Kinds of personal data
The transmitted personal data are related to the following categories of data (to be specified):
Name, surname, sex, number of the personal ID document, personal ID number (if assigned), date of birth, expiry date of the personal ID document, photograph/s of the personal ID document, date and manner of personal identification, person‘s address (if provided), face images, IP address.

Kinds of special categories of personal data
The transmitted personal data are related to the following special categories of personal data (to be specified):
Biometric data, biometric data collected from facial image/s

Data processing activities (processing operations)
The following main processing operations are carried out with respect to the data (to be specified):
Main processing activity is to try UAB „Identifikaciniai Projektai“ remote identity verification system.
To document facial images of data subjects and the original ID documents shown by the data subjects by means of transmitting a photograph directly through the online system;
to verify whether the data subject who is undergoing the personal identification procedure is the holder of the submitted ID document by means of the online system;
to provide the Controller with a conclusion / data concerning the identity of the data subject;
to store the processed personal data of the Controller.

Place of document storage
(The data centre address to be specified):
Servers of Amazon Web Services – Dublin, Ireland

Other information
(To specify additional information on data processing):
The maximum storage period of the data process is 8 (eight) years from termination of the relations with the Controller.

Consent Text of the Consent:

I hereby consent to the processing of my personal data, including special categories of personal data incl. biometric personal data, for the purpose of verifying my identity and stopping fraud. Subject to this consent, UAB “Identifikaciniai Projektai” an authorised processor of [Customer’s name] will process your personal data, incl. biometric personal data.

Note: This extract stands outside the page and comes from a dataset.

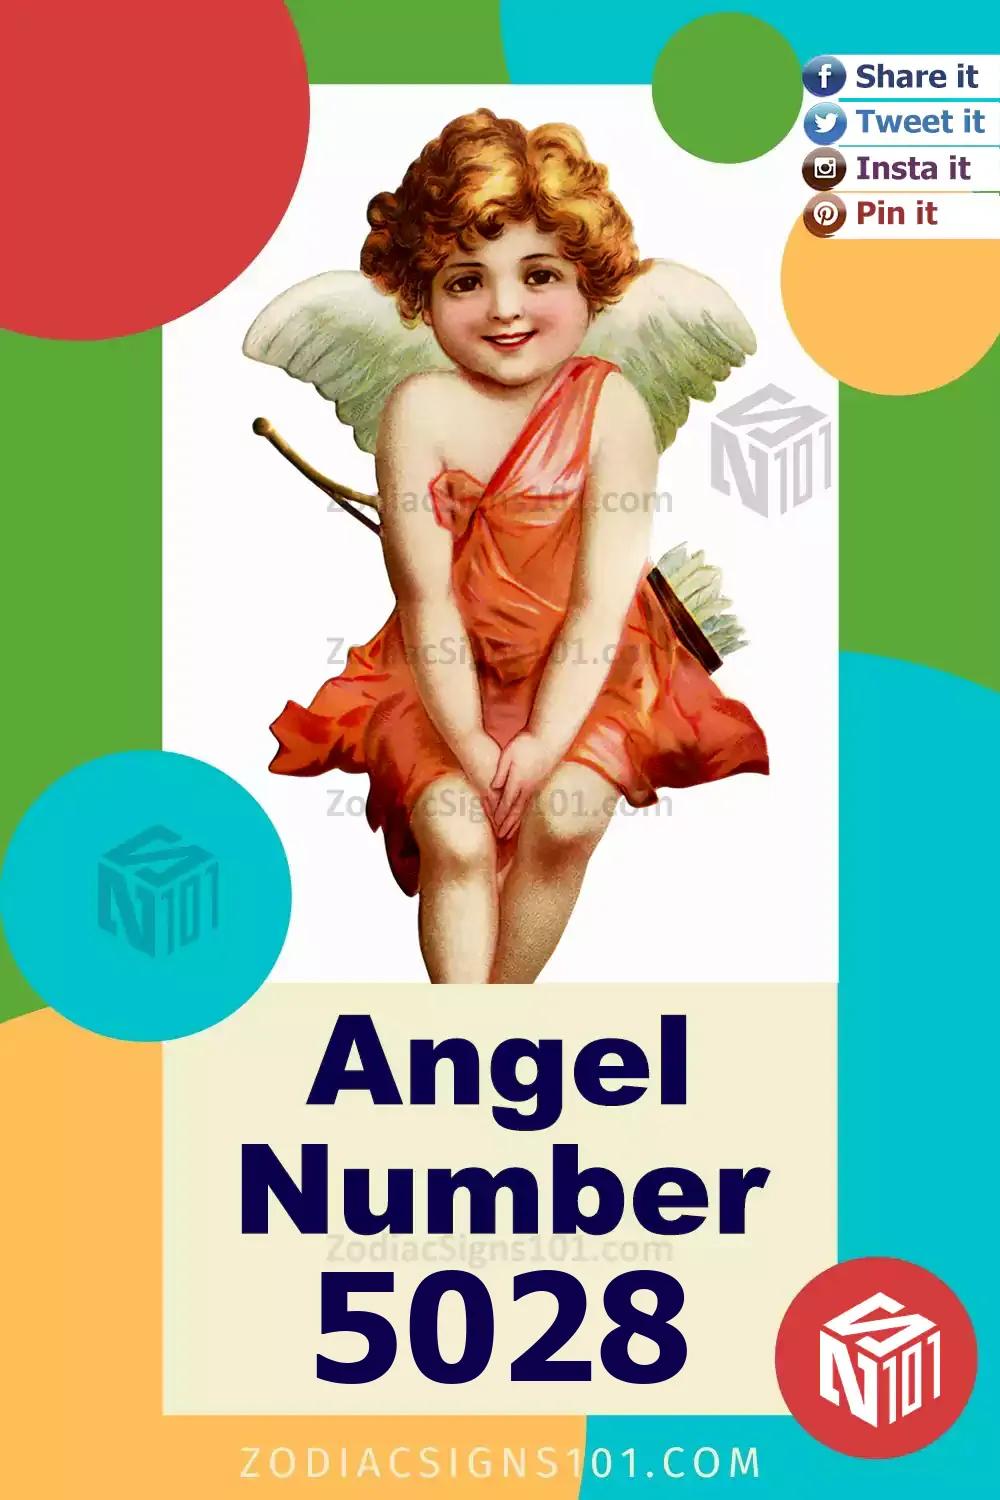 5028-Angel-Number-Meaning.jpg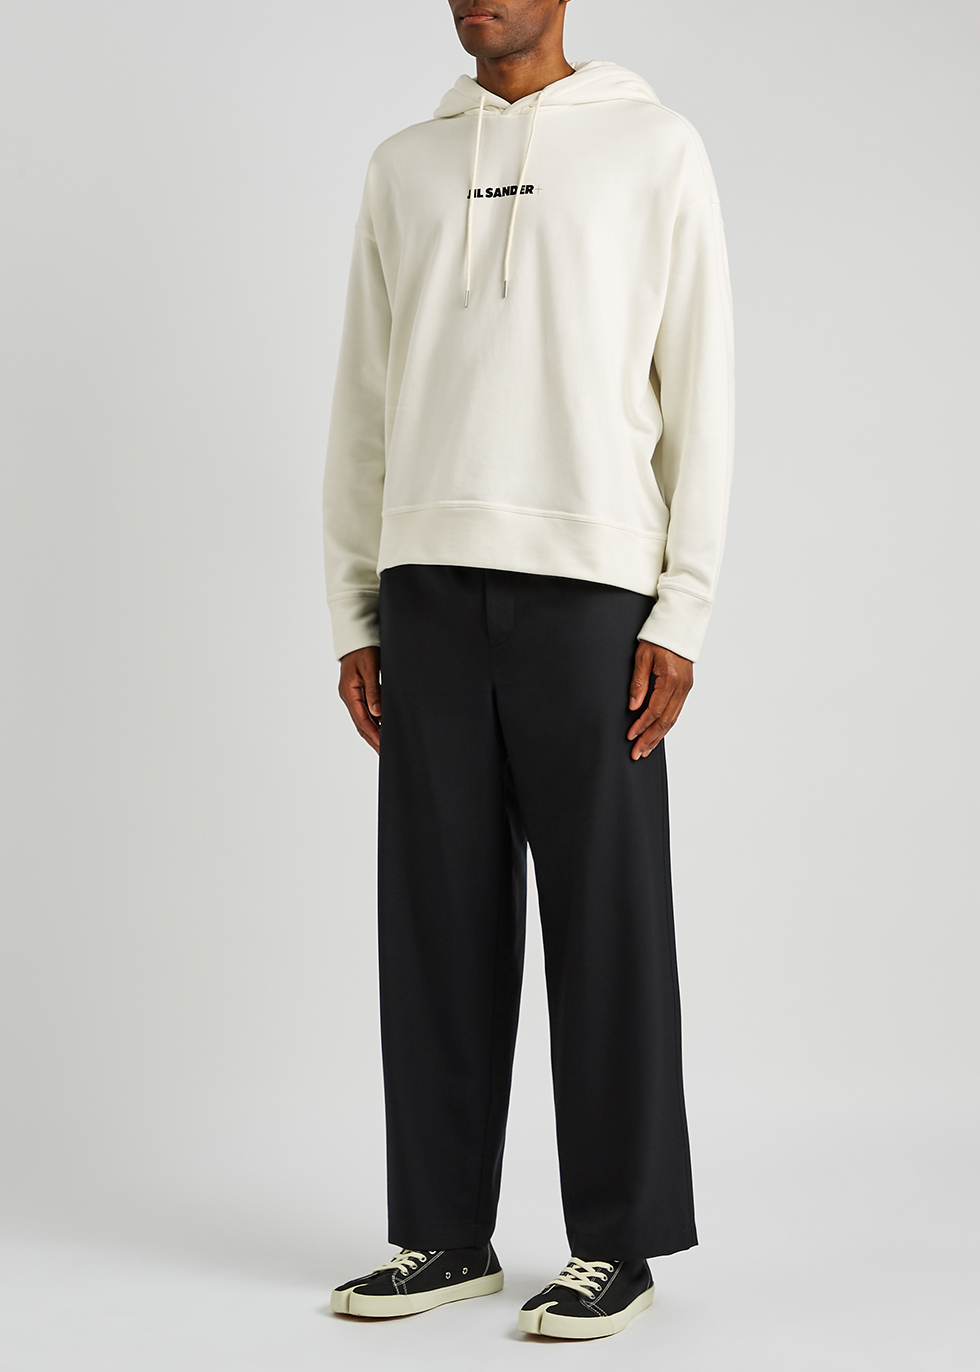 Jil Sander Off-white logo hooded cotton sweatshirt - Harvey Nichols

Without processing biometric data and without this necessary consent, the verification, identification, fraud prevention processes cannot be carried out.

This consent may be withdrawn at any time, but withdrawal of consent shall not affect the lawfulness of the prior processing.

[TICK-BOX] I have read the applicable privacy policies and understand how and for what my personal data is processed.

[TICK-BOX] I agree to the processing of my personal data, incl. special categories of personal data for the purpose of verification and fraud prevention.